88話 青年体
「お前の相手は俺だ!バーリル!」
青年体となったバーリルに向けて江川はそう言い放つと、バーリルは少しクスクスと笑いながら答えた。
「俺も舐められたものだな。まさか一人で戦う気か?」
「一人で戦う気だが、舐めちゃいないよ。むしろ、恐いさ」
「どうだかねぇ」
バーリルはそう言うと、猛スピードで江川へと走り出した。
江川はそれに迎え撃つように二本の刀を構え、バーリルへと走り出した。江川はバーリルに向けて刀を振ったが、バーリルの硬い拳は刀を弾き、江川へと強烈なパンチを打ち込んだ。
あまりにも強烈なパンチを打ち込まれた江川はその場で動けなくなってしまい、バーリルに呆気なく胸ぐらを掴まれた。
「どうした?戦うんじゃなかったのか?このままだと、戦いごっこに変わってしまうぞ?」
江川の胸ぐらを掴んだバーリルはそう言うと、江川の顔面に何発もの攻撃を与えた。
そんなバーリルに向かって鎖状のムチが襲いかかった。クラネがバーリルへと攻撃したのだ。
バーリルは江川の胸ぐらを手放し、ムチを避けると、クラネへと視線を向けた。
「俺は女だからと言って容赦はしないぞ」
バーリルはそう言いながらクラネへと走り出すと、突如、クラネの目の前に魔法陣が現れた。
「え?」
「魔法陣が!」
クラネとトネイルもその魔法陣の出現に驚いた瞬間、その魔法陣から何者かが召喚され、クラネへと走っていたバーリルを蹴り飛ばした。
江川は起き上がり、その魔法陣を見て呟いた。
「あの魔法陣は遠距離瞬間移動の魔法陣。そんな魔術を使えるのは……キルビスさんくらいか」
その魔法陣から現れた者はトネイルとクラネに言う。
「遅れてすまない。嫌な気配を感じてこっちへ飛ばしてもらったんだが、どうやら当たりだったようだな」
魔法陣から現れたのはシンだった。
日本で修行していたシンがキルビスの遠距離瞬間移動の魔術によってこちらに飛んできたのだ。
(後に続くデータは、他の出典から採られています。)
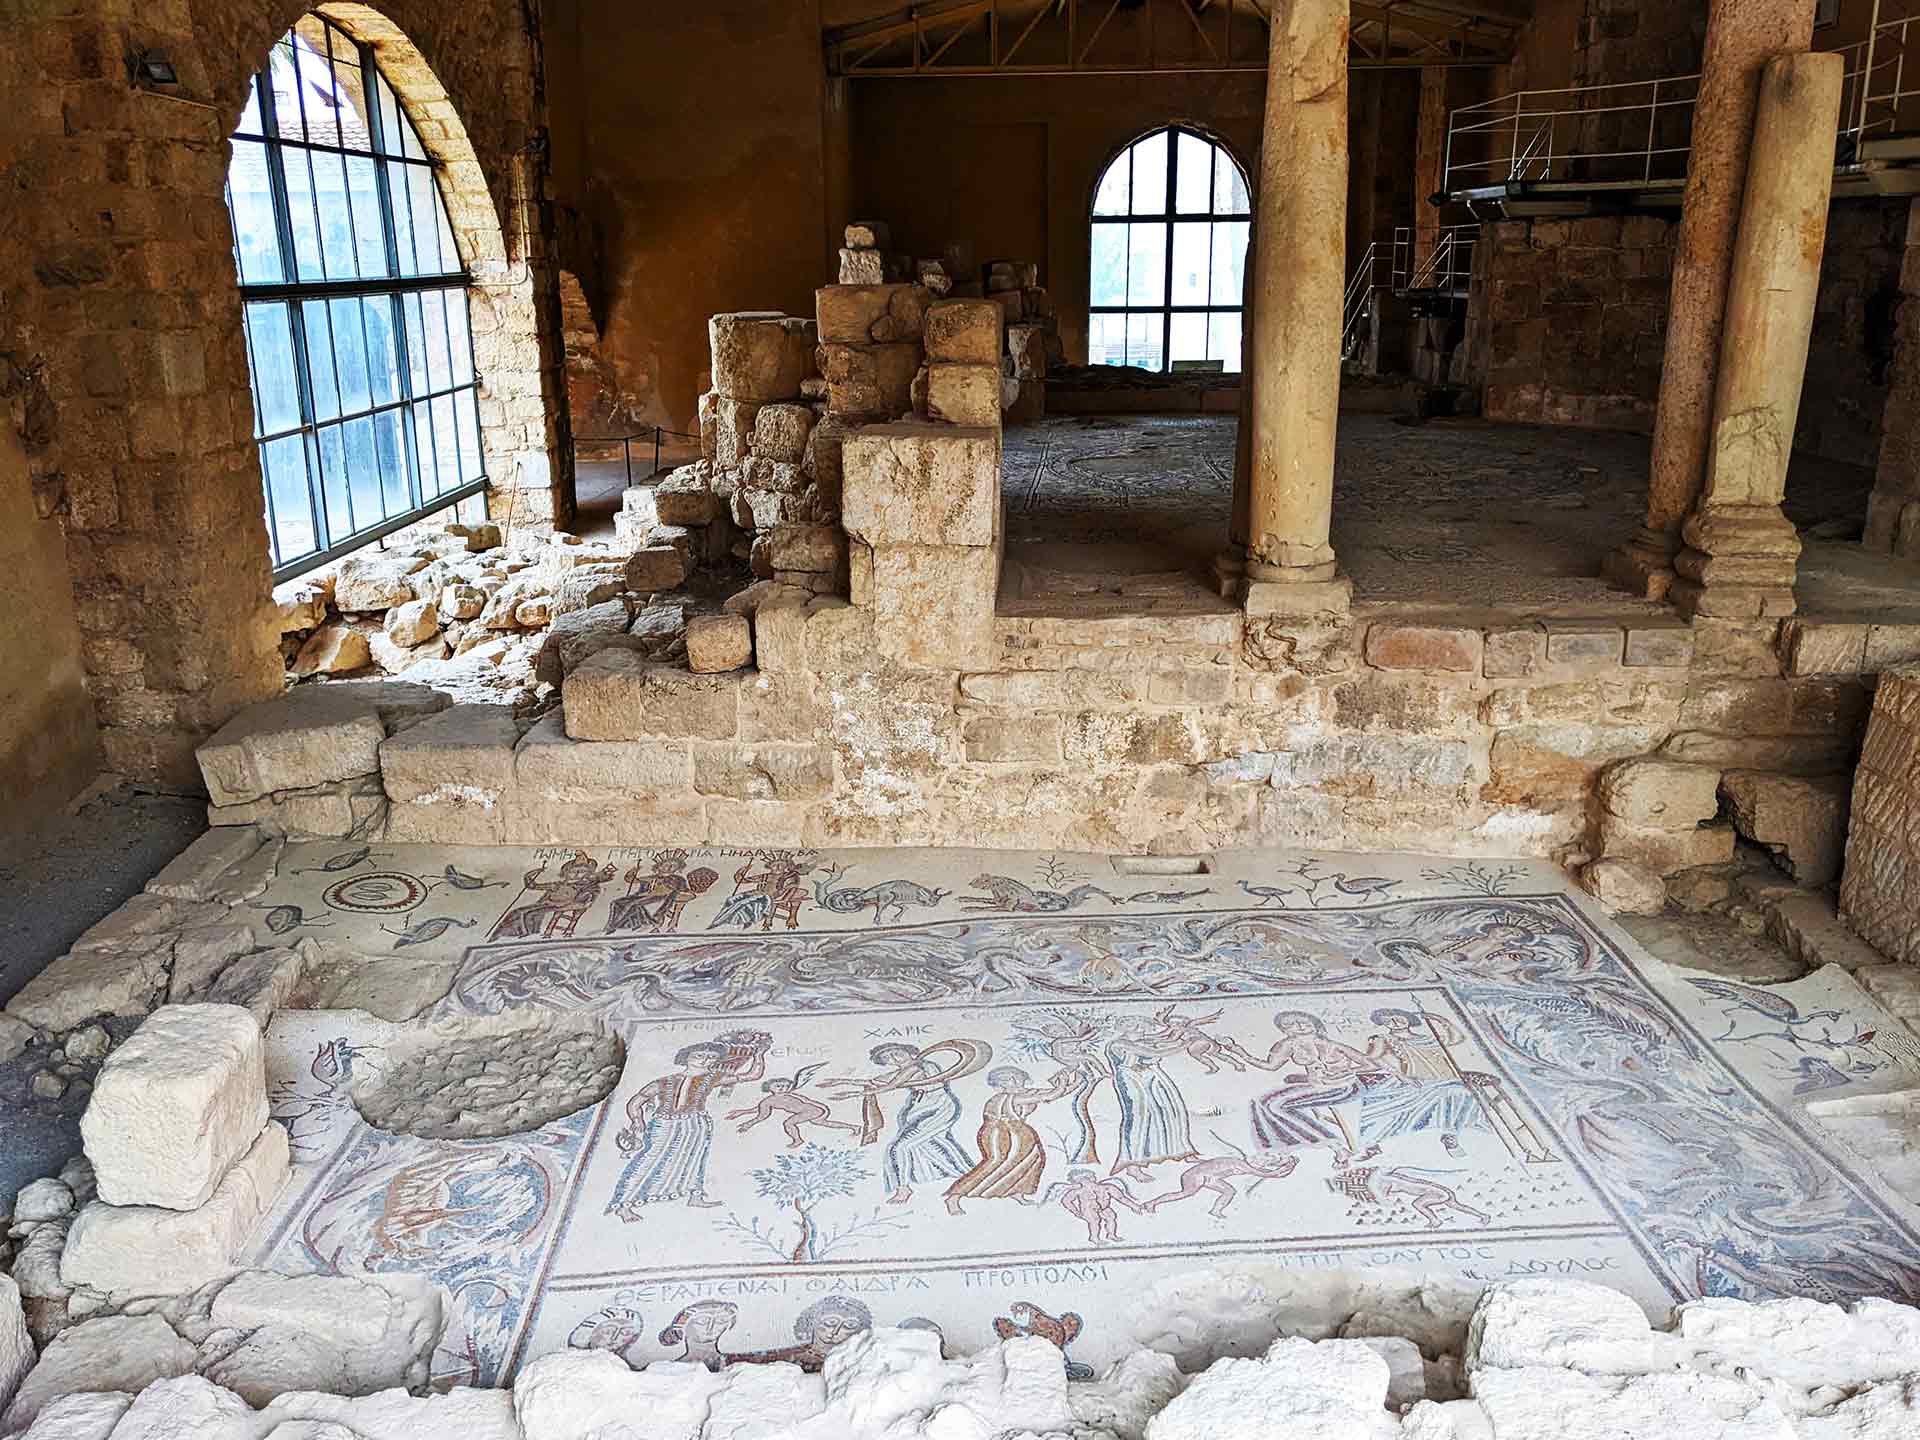 Mosaic floor of the Church of the Virgin Mary in Madaba, Jordan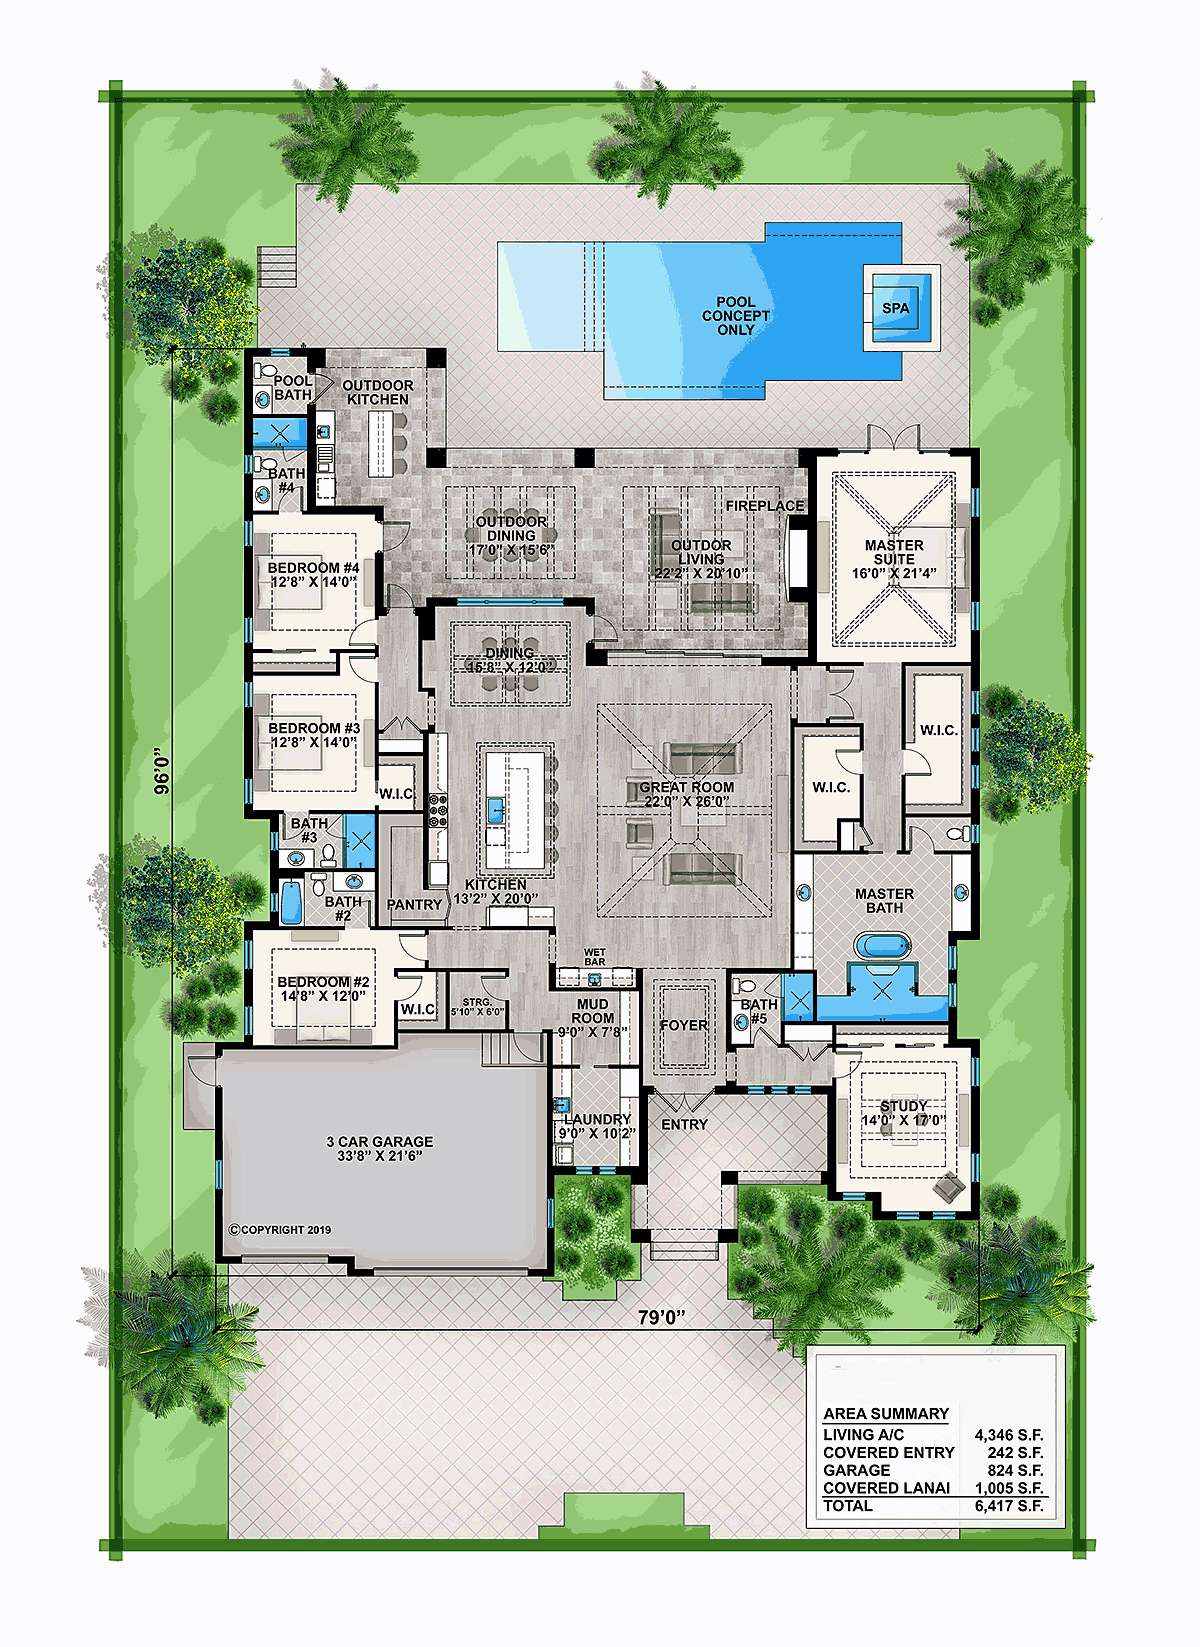 Mansion 8 Bedroom House Floor Plans - Joeryo ideas

「状況は絶望的だったが、一気に逆転したな!江川さんとシンが手を組めば、松田隼人が戻ってくるまでの時間稼ぎは充分!もしかしたらバーリルを倒せるかもしれない!」
トネイルはそう言うと、シンはこう言い放った。
「いや、俺一人で充分だ。新しい技を試すには絶好の機会だからな」
「おいおい、まさか俺を相手に一人で来る気か?」
バーリルはシンへそう問いかけると、シンは答える。
「そうだ。時間稼ぎなら、俺一人で充分だと言ったんだ」
シンはそう言いつつ戦闘態勢を取ると、バーリルがシンへと向かって走り出した。
「面白い!お前は簡単には死なせんぞ!たっぷり痛みつけてからだ!」
走ってきたバーリルに向かってシンも迎え撃とうとし、両者は正面から攻撃を仕掛けた。
お互いに正面からパンチを仕掛けたが、若干、仕掛けたタイミングがバーリルのほうが速かった。しかし、シンがパンチを仕掛ける瞬間、シンの身体が一瞬だけ魔人化したことにバーリルは気づいた。
バーリルが放ったパンチはシンがパンチを放つタイミングより速かったが、パンチが直撃するのはシンのパンチのほうが速かった。
シンは自らが殴り飛ばされる前にバーリルを殴り飛ばした。
殴り飛ばしたバーリルに向かってシンはそう問いかける。